» **Aim of the task**: With the pictures left out, retype exactly the lines below starting at the line that contains "Medium size Tommy" and ending at the line that contains "Milwaukee Burger Company Locations".

» **The records**:
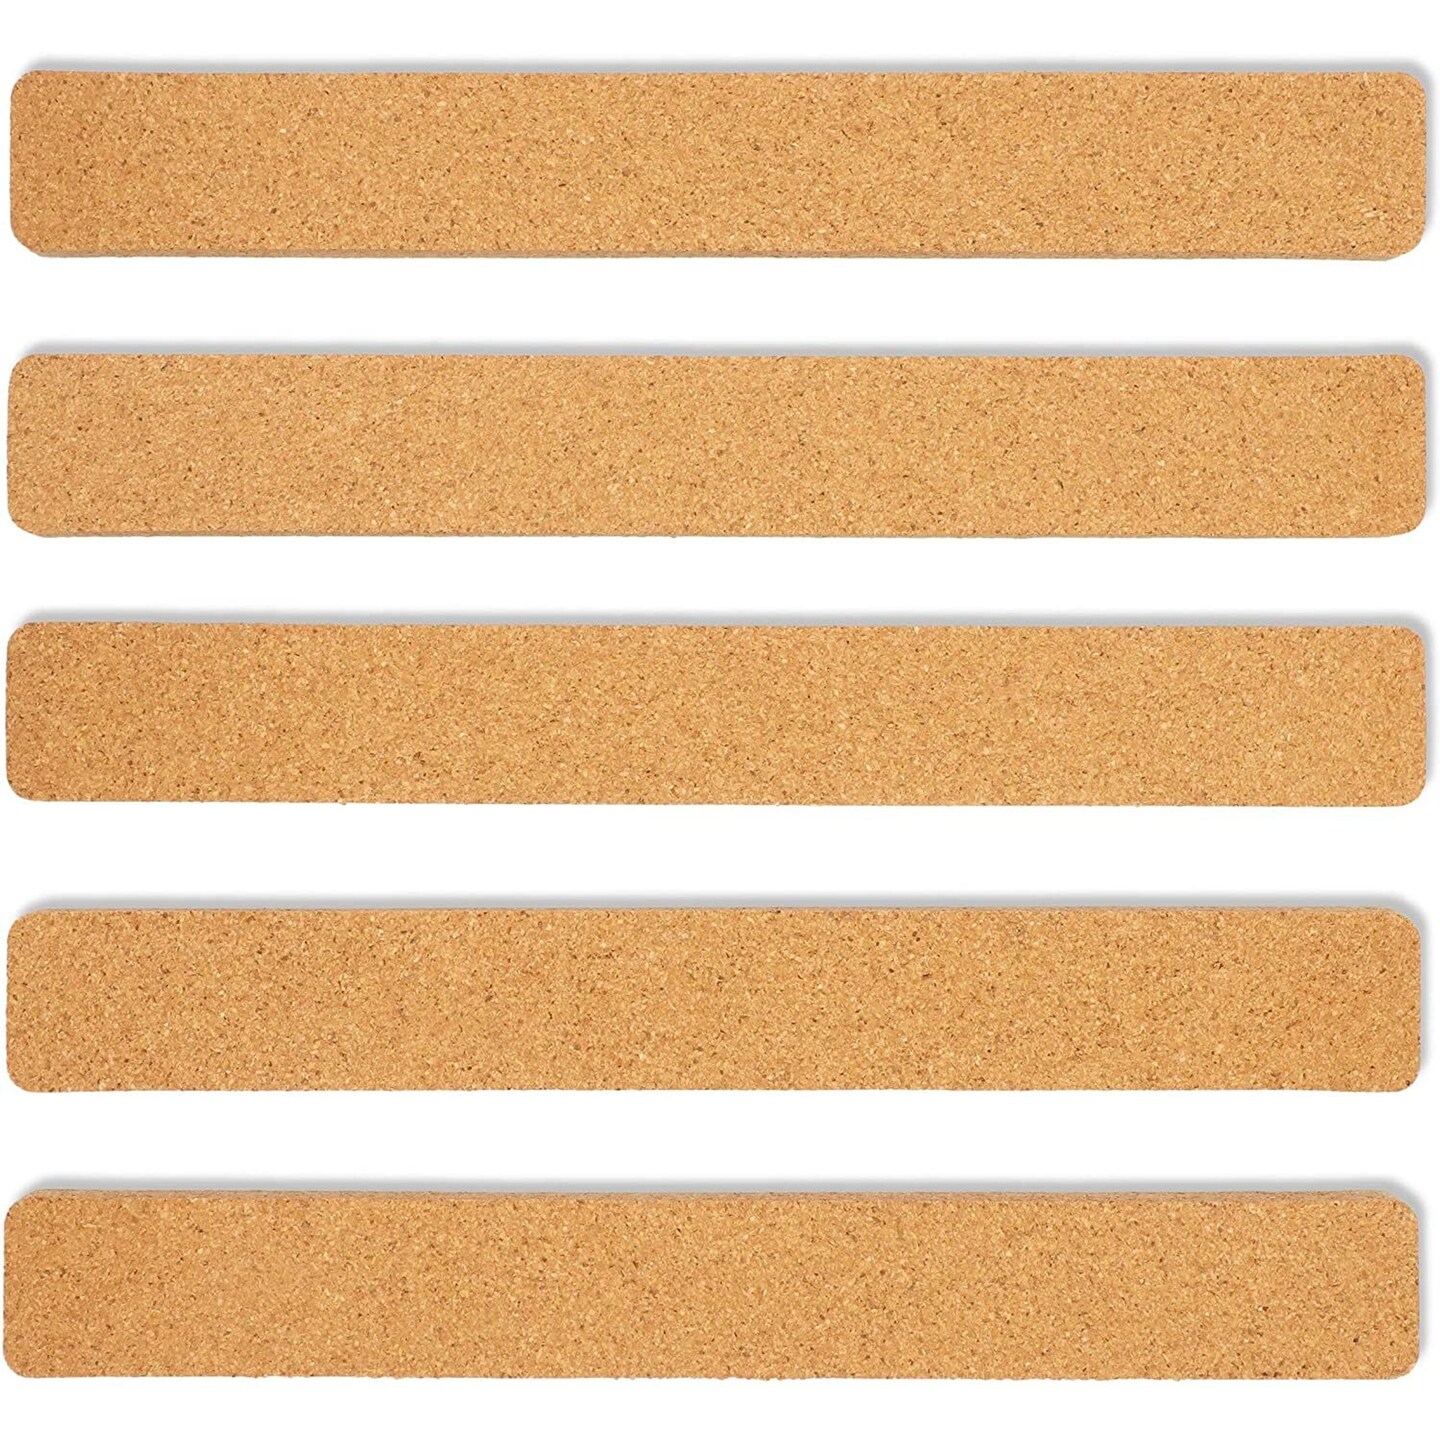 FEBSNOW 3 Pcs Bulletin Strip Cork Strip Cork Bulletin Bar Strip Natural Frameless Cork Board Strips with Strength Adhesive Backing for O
...
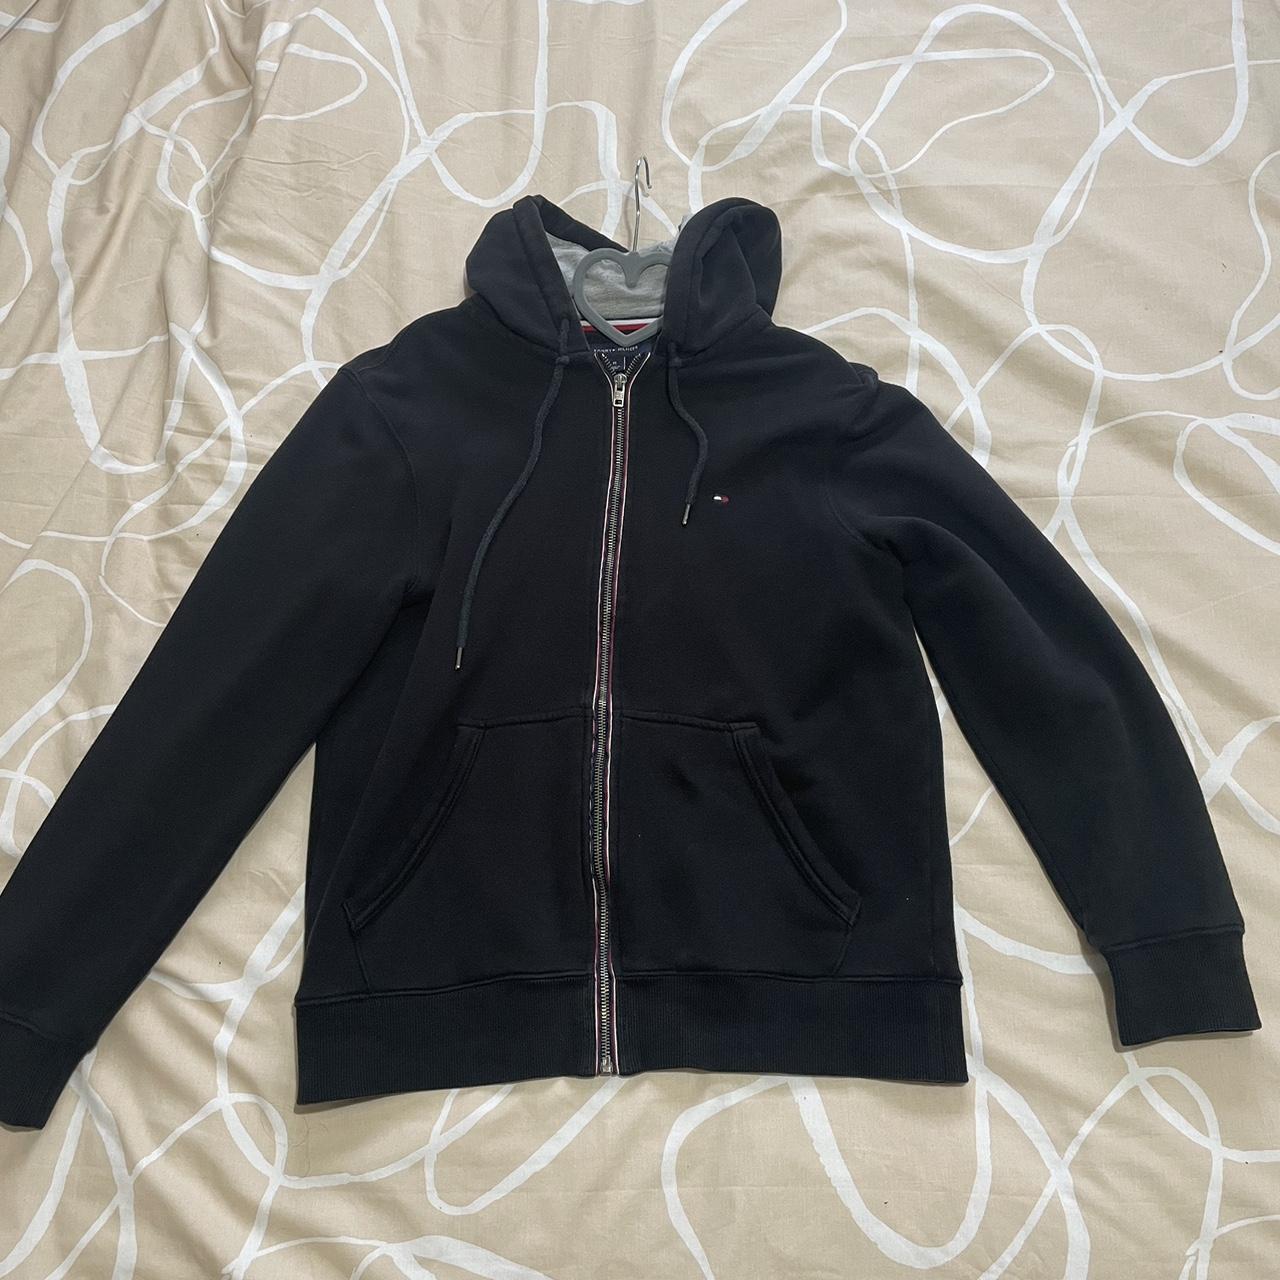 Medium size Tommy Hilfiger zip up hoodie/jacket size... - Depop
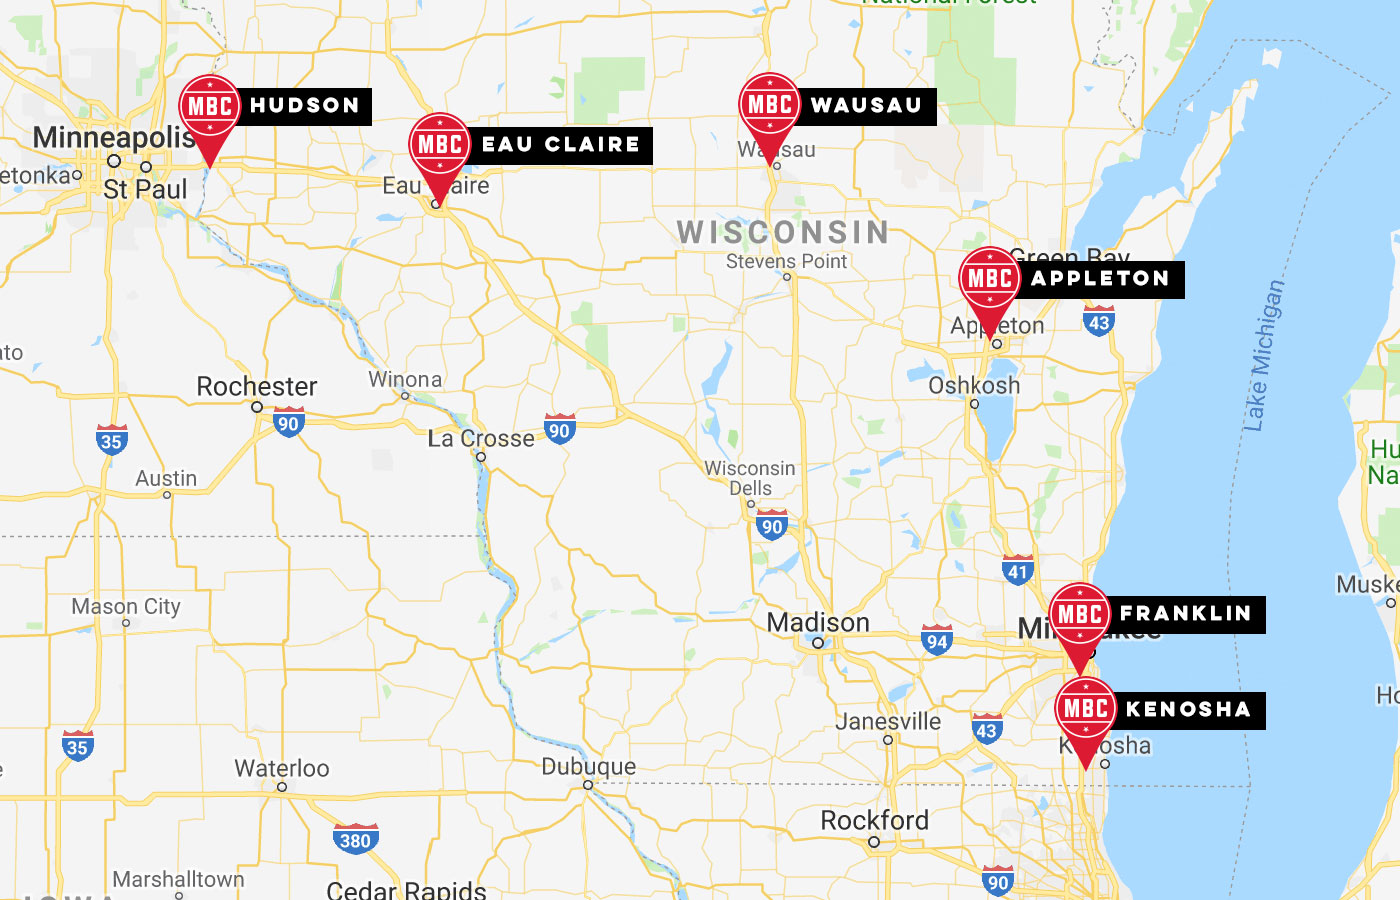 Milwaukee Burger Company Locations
--
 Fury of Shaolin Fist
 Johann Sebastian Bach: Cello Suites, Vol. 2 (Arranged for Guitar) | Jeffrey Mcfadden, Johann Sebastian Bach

» **Solution to this problem**:
 Medium size Tommy Hilfiger zip up hoodie/jacket size... - Depop
 Milwaukee Burger Company Locations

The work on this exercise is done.